[Start of Attachment]

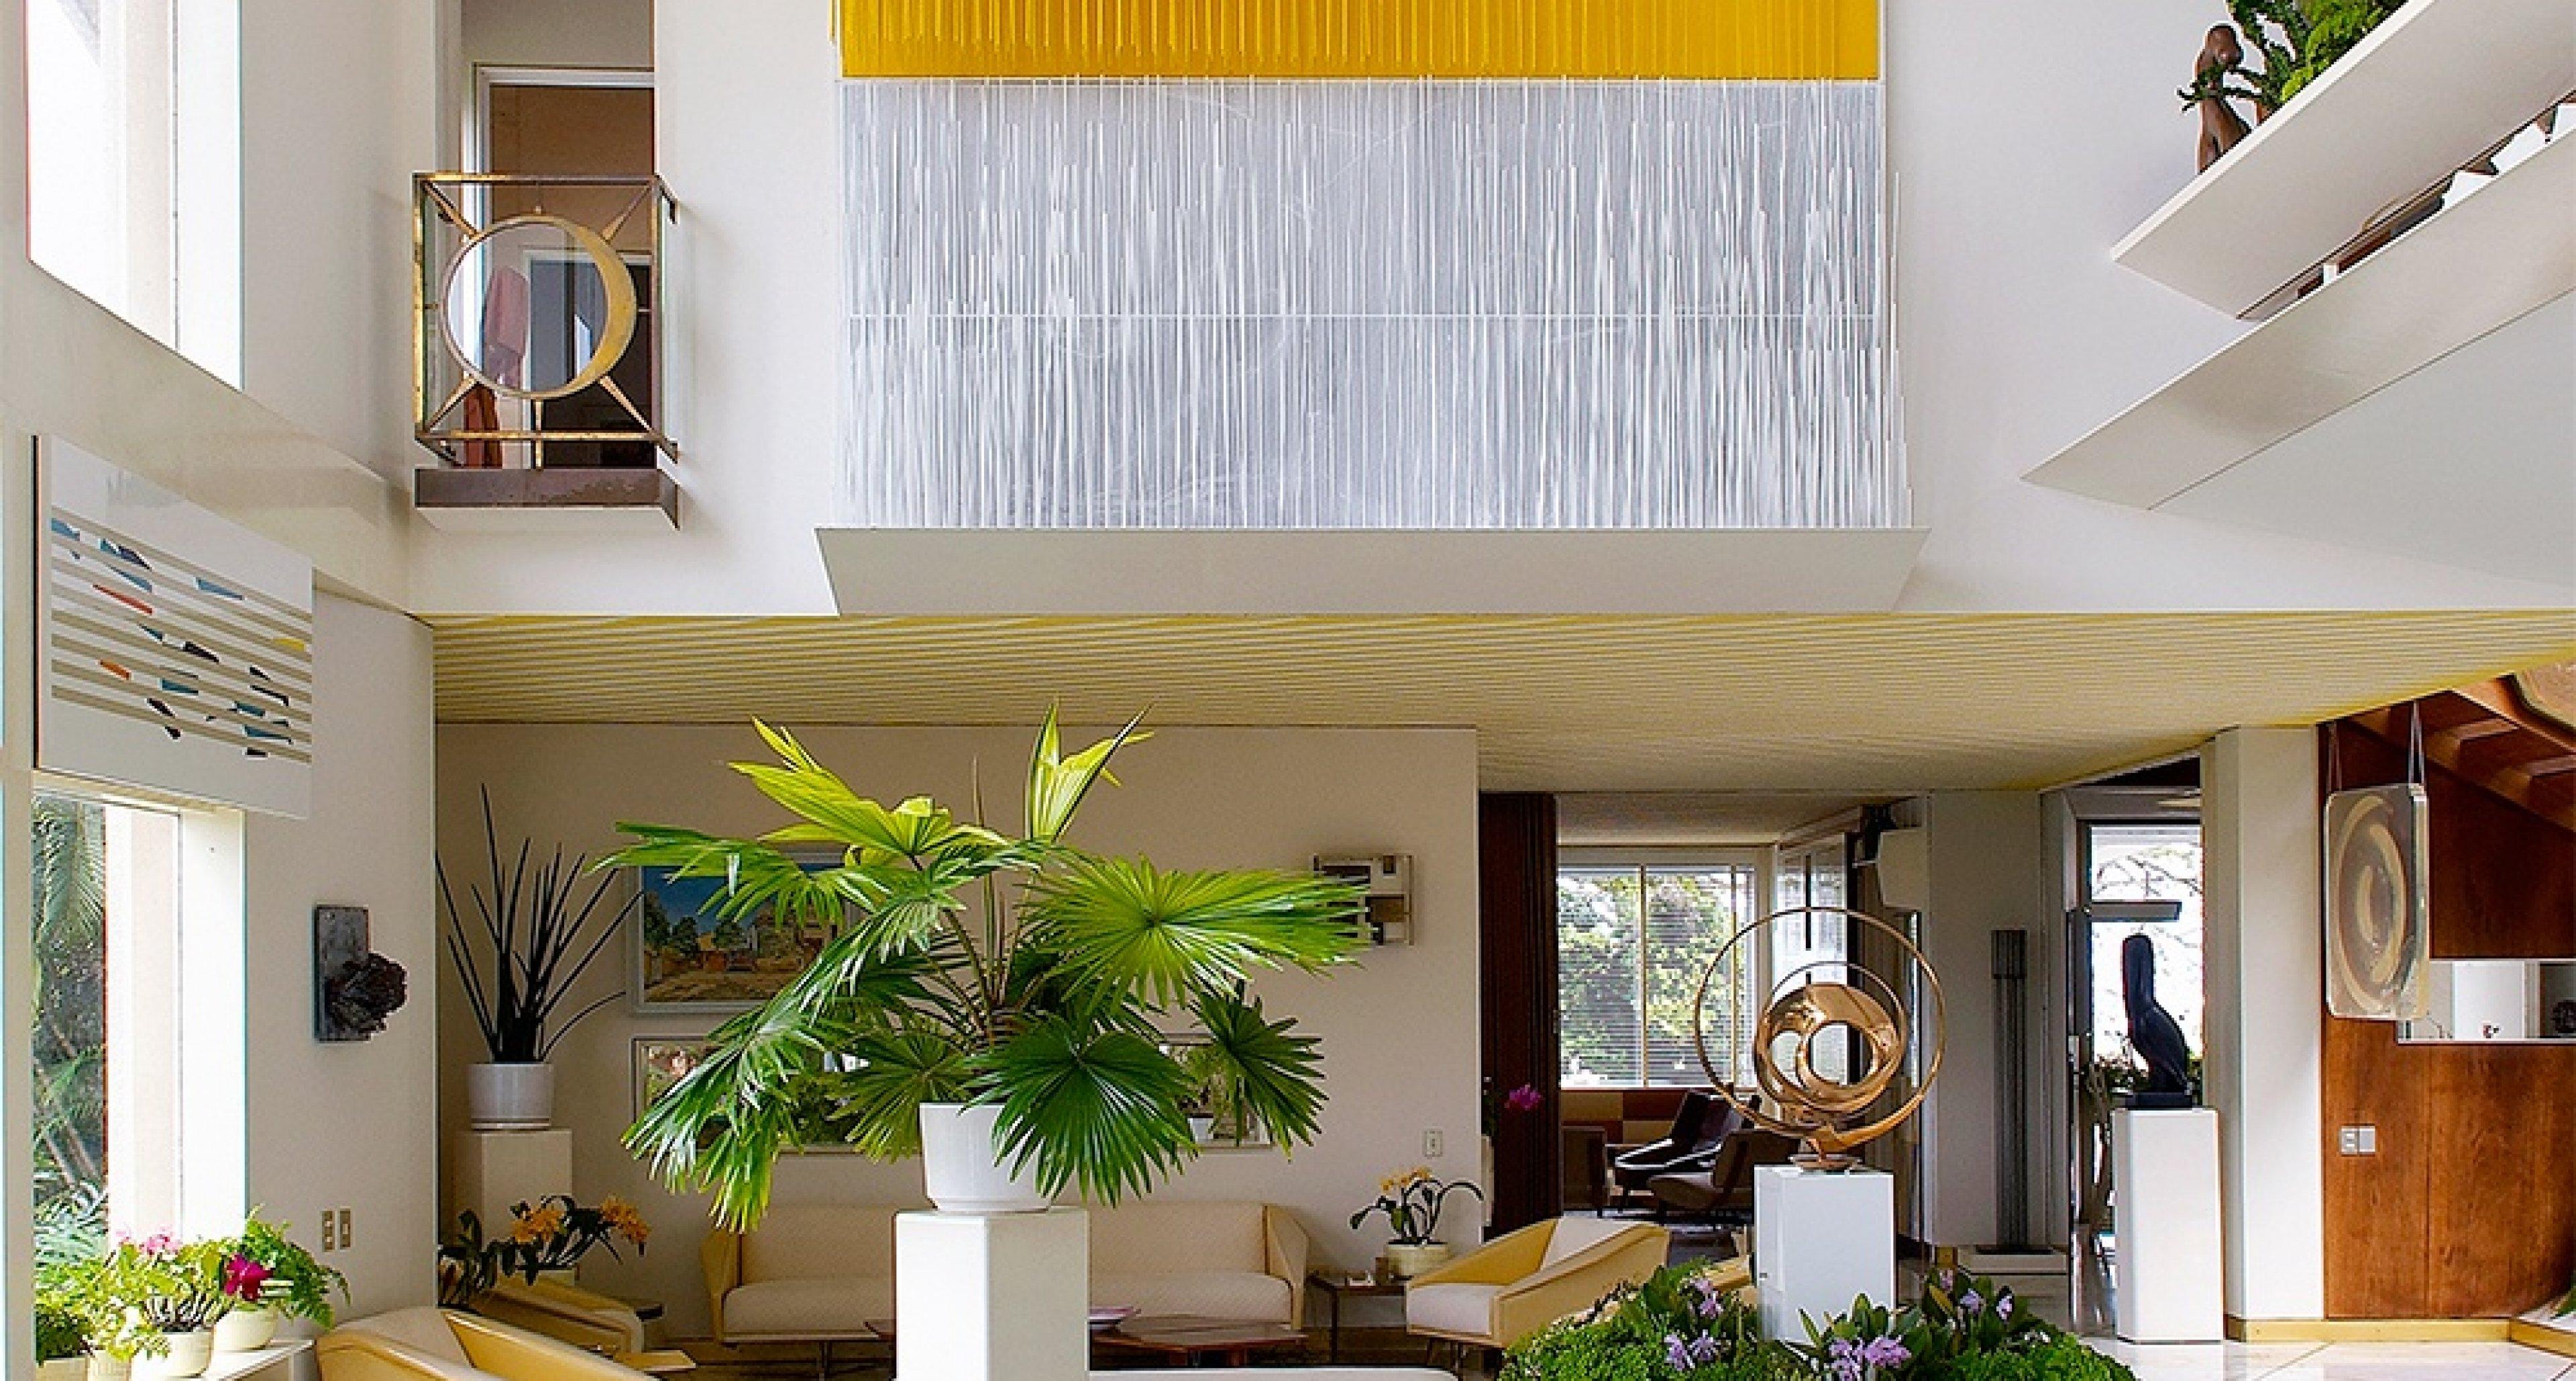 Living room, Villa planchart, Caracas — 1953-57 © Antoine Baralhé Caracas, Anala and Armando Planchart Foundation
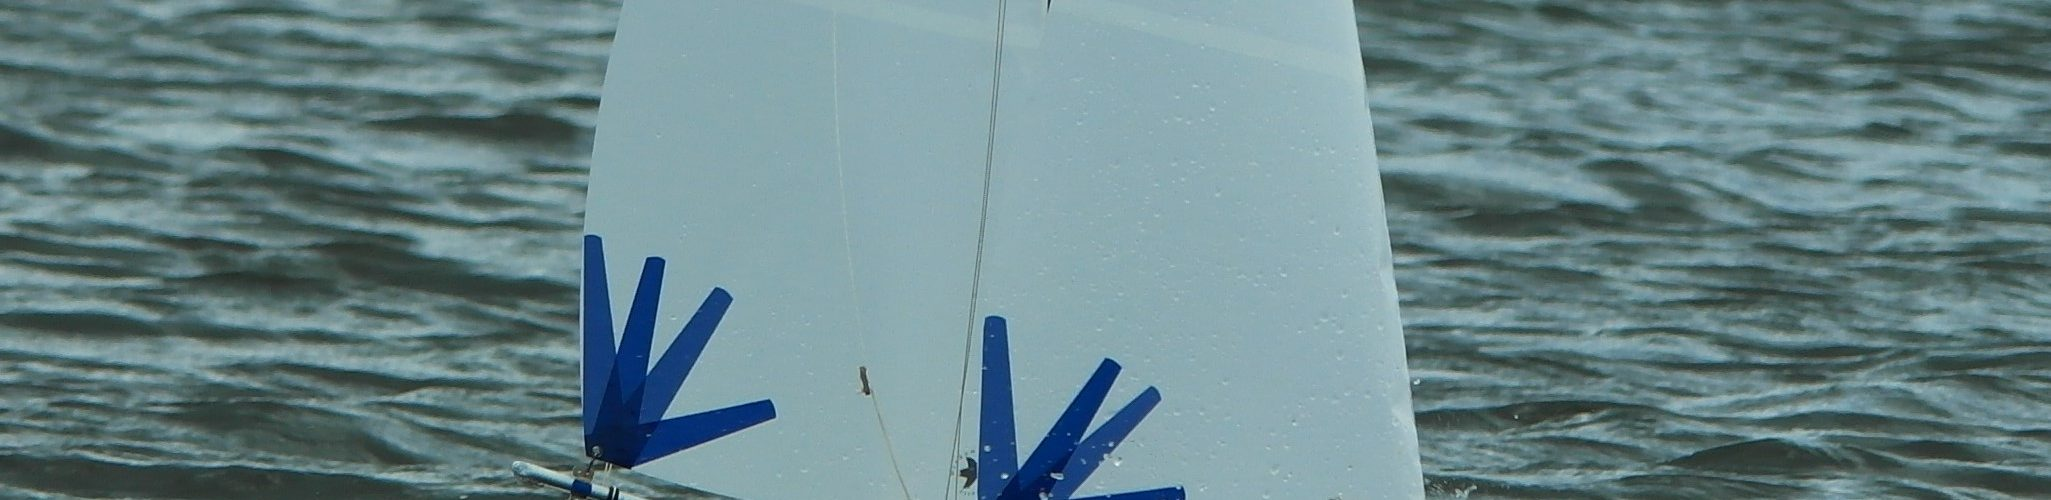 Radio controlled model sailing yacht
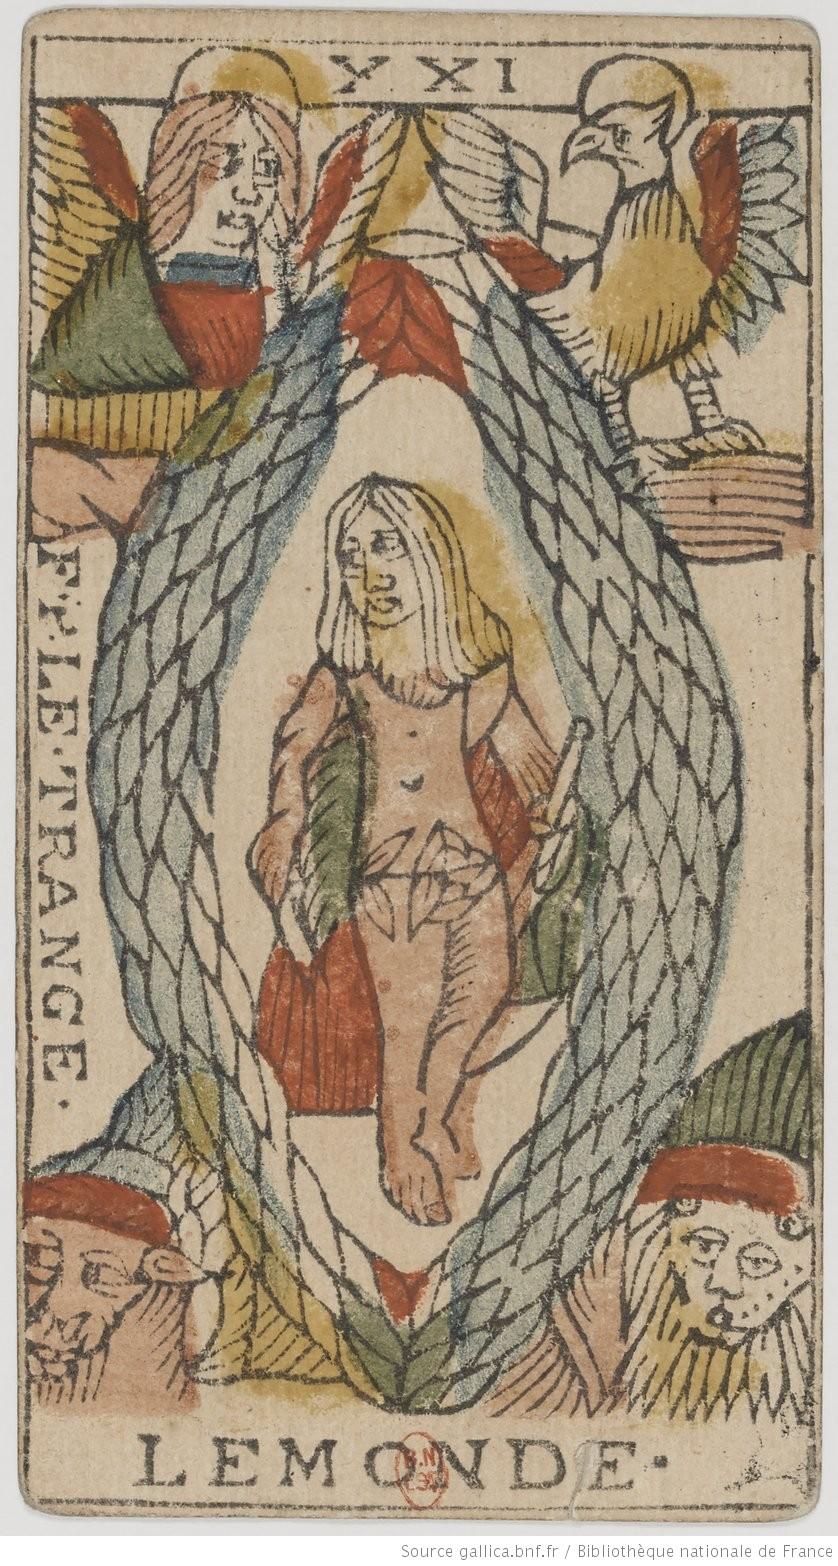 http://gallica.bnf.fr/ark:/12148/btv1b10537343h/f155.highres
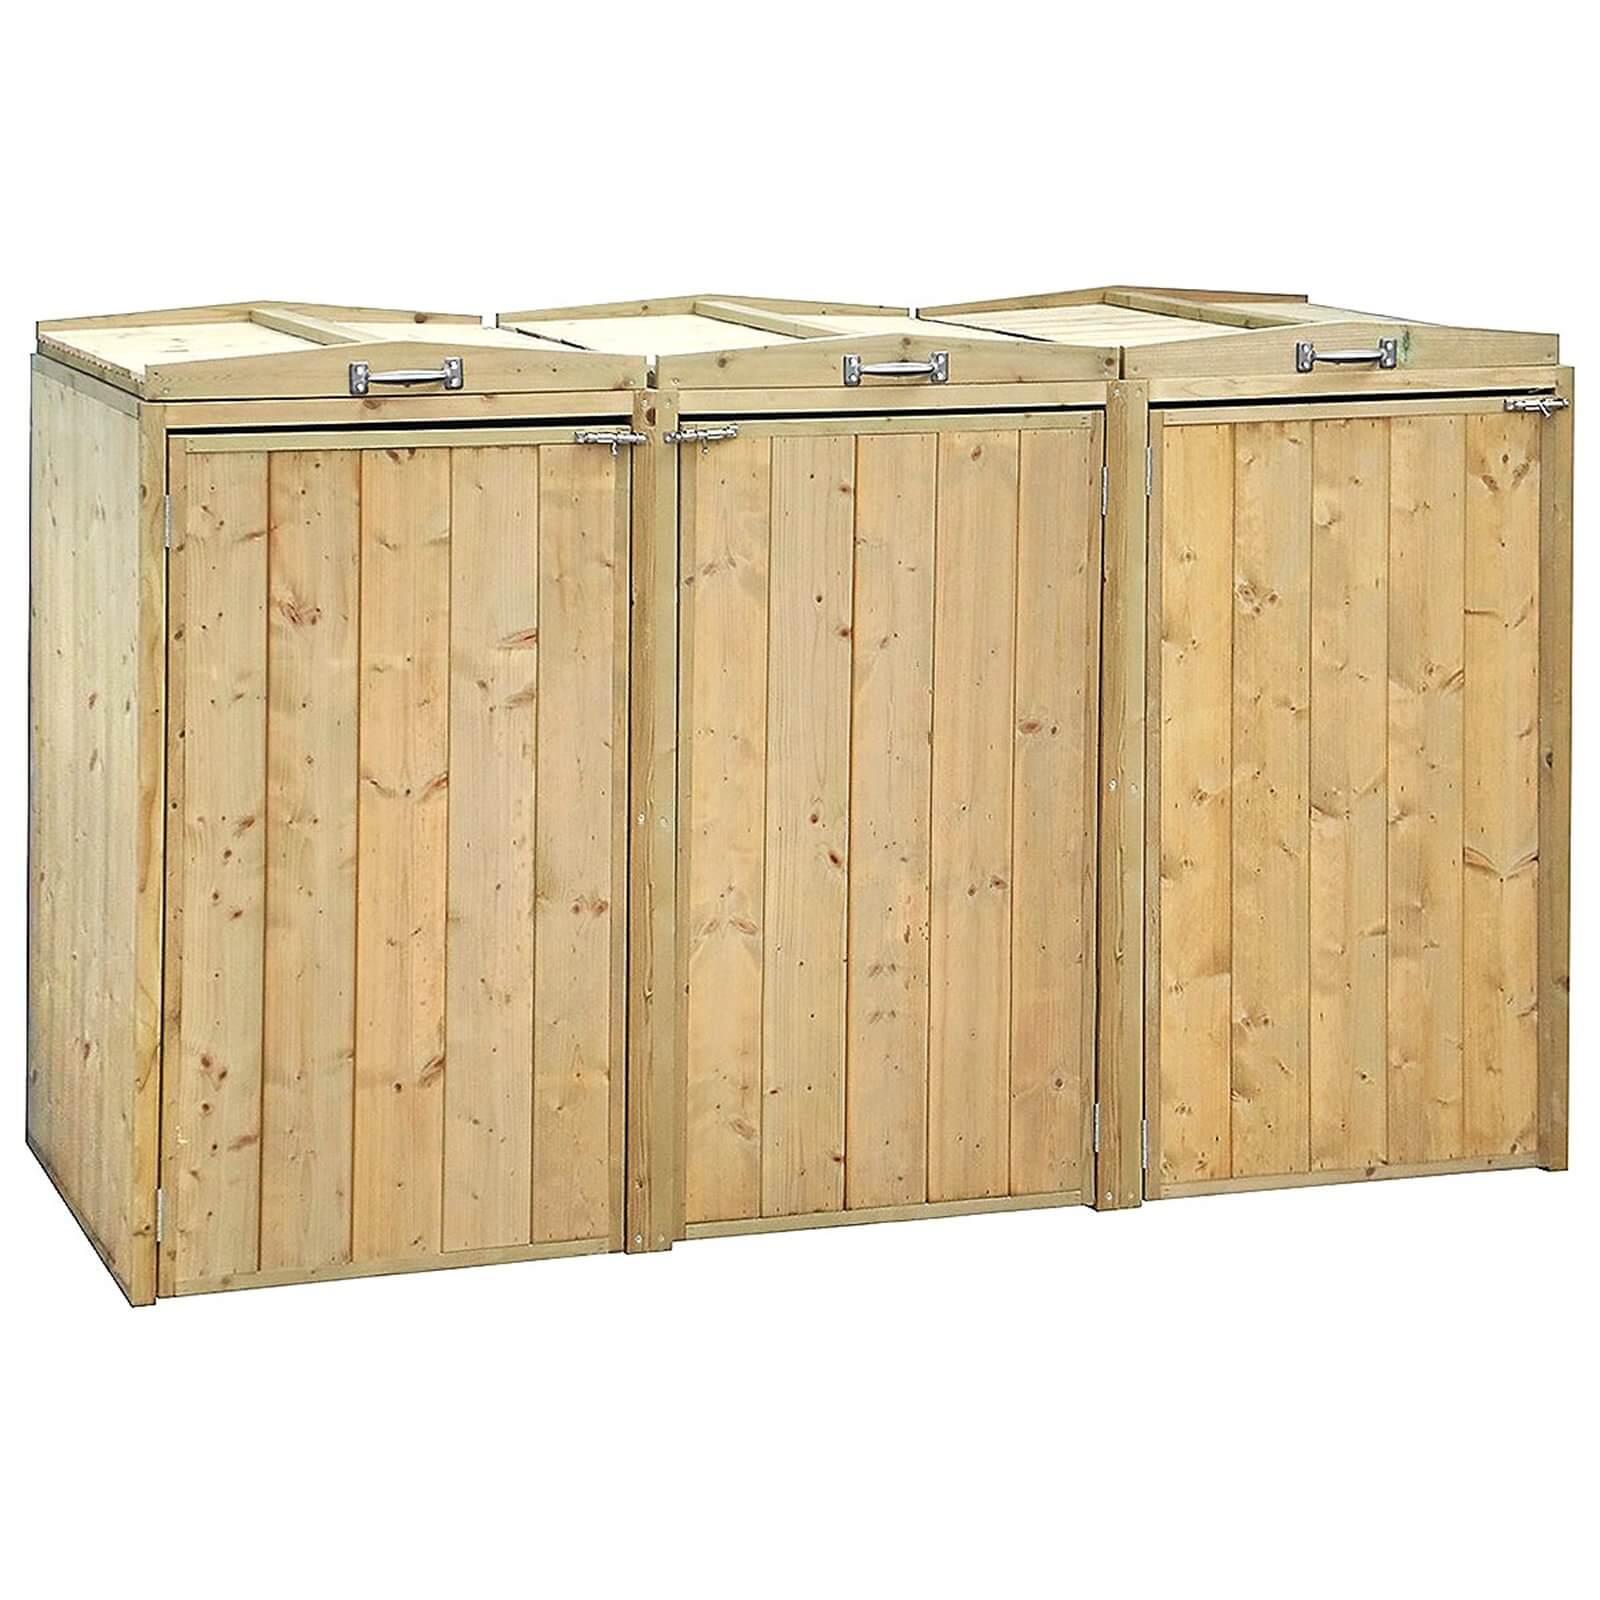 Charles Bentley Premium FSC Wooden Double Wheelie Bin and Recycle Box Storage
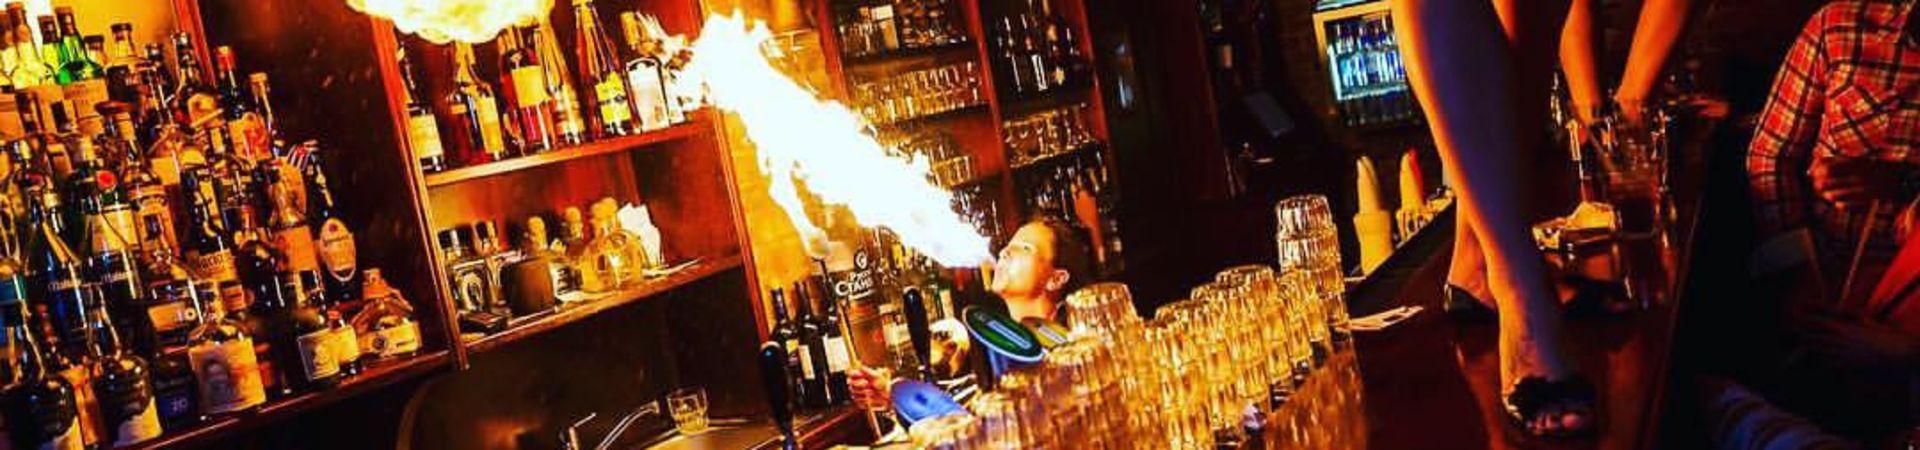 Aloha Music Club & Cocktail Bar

[End of Attachment]

[Assignment]: Your answer must be exactly the lines from the one containing "http://gallica.bnf.fr/ark:/12148/btv1b10537343h/f155.highres" through the last line of the records above, both included, with every picture left out.

[Written solution]:
 http://gallica.bnf.fr/ark:/12148/btv1b10537343h/f155.highres
 Charles Bentley Premium FSC Wooden Double Wheelie Bin and Recycle Box Storage
 Aloha Music Club & Cocktail Bar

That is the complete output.